The ratio of these values (e.g. 2.33/1.65 = 1.41) measures the relative parameter magnitude needed to achieve the same power. (Thus, for a $1 %$ size test to achieve $50 %$ power, the parameter must be $41 %$ larger than for a $5 %$ size test.) Even more interesting, the square of this ratio (e.g. $1.41^{2}=2$ ) is the increase in sample size needed to achieve the same power under fixed parameters. That is, to achieve $50 %$ power, a $1 %$ size test needs twice as many observations as a $5 %$ size test. This interpretation follows by the following informal argument. By definition and (9.17) $\delta=h / \sqrt{V_{\theta}}=\sqrt{n}\left(\theta_{n}-\theta_{0}\right) / \sqrt{V_{\theta}}$. Thus holding $\theta$ and $V_{\theta}$ fixed, $\delta^{2}$ is proportional to $n$.

The analysis of a two-sided t test is similar. (9.18) implies that

\[ T=\left|\frac{\widehat{\theta}-\theta_{0}}{s(\widehat{\theta})}\right| \vec{d}|Z+\delta| \]

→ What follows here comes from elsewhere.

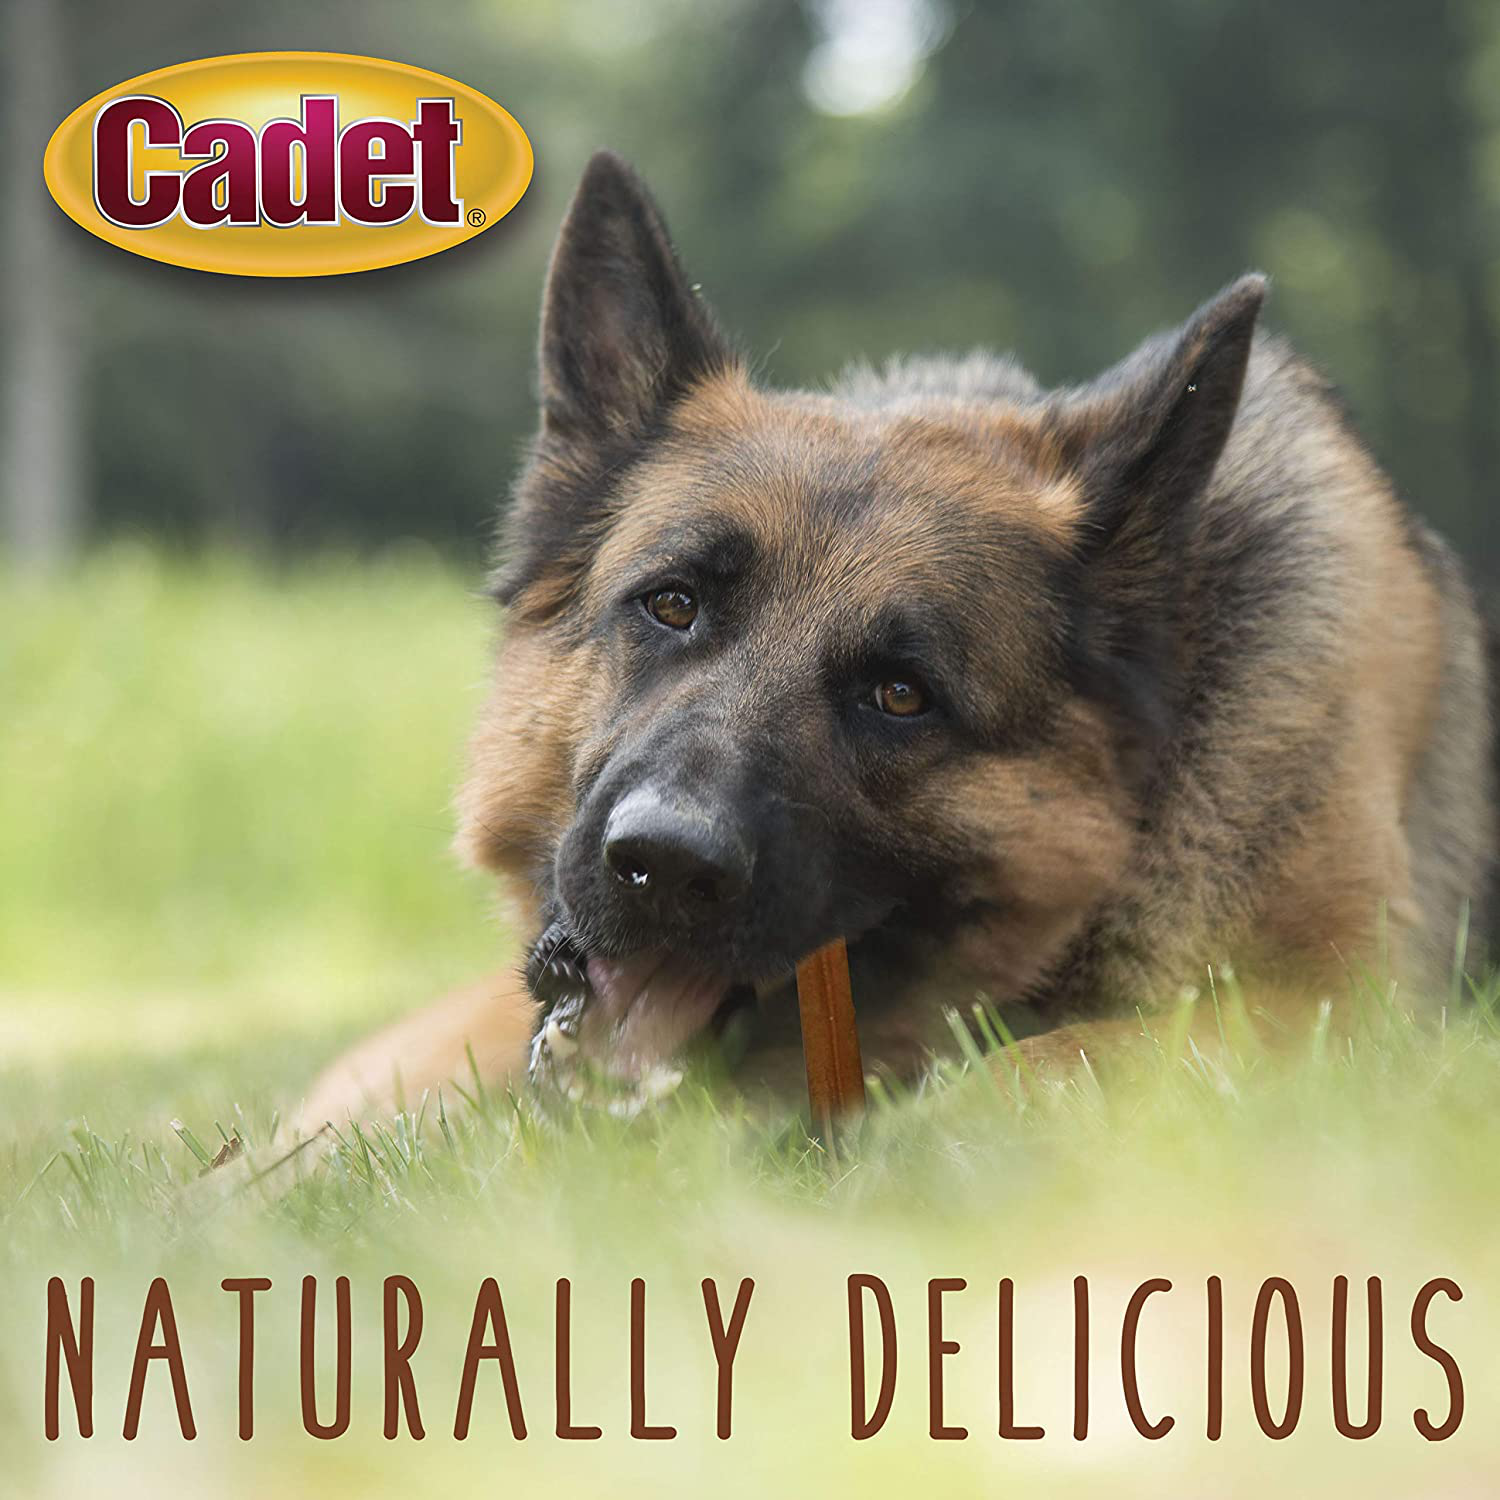 Cadet Bully Sticks Dog Treats| Promotes Dental Health All-Natural Premium Dog Chew L Natural Bully Sticks | Grain-Free, Single-Ingredient, 100% Beef Dog Treat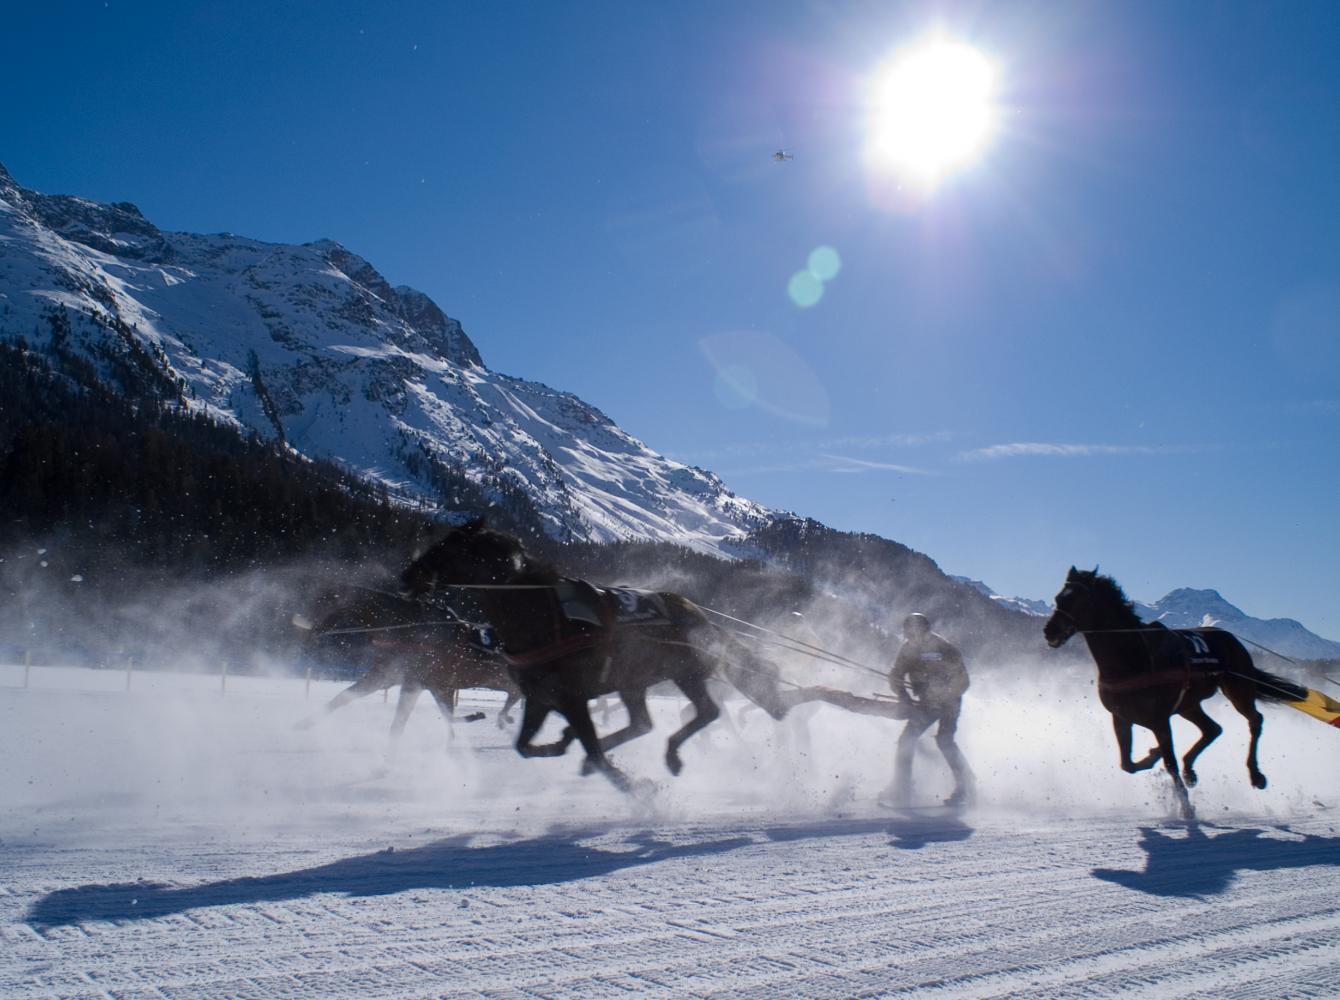 Racing on ice on a Swiss lake

and thus the local power of a two-sided t test is

\[ \lim _{n \rightarrow \infty} \mathbb{P}\left[\text { Reject } \mathbb{H}_{0}\right]=\lim _{n \rightarrow \infty} \mathbb{P}[T>c]=\mathbb{P}[|Z+\delta|>c]=\Phi(\delta-c)+\Phi(-\delta-c) \]

which is monotonically increasing in $|\delta|$.

Theorem 9.10 Under Assumptions 7.2, 7.3,7.4, and $\theta_{n}=r\left(\beta_{n}\right)=r_{0}+n^{-1 / 2} h$, then

\[ T\left(\theta_{0}\right)=\frac{\widehat{\theta}-\theta_{0}}{s(\widehat{\theta})} \underset{d}{\longrightarrow} Z+\delta \]

where $Z \sim \mathrm{N}(0,1)$ and $\delta=h / \sqrt{V_{\theta}}$. For $c$ such that $\Phi(c)=1-\alpha$,

\[ \mathbb{P}\left[T\left(\theta_{0}\right)>c\right] \longrightarrow \Phi(\delta-c) . \]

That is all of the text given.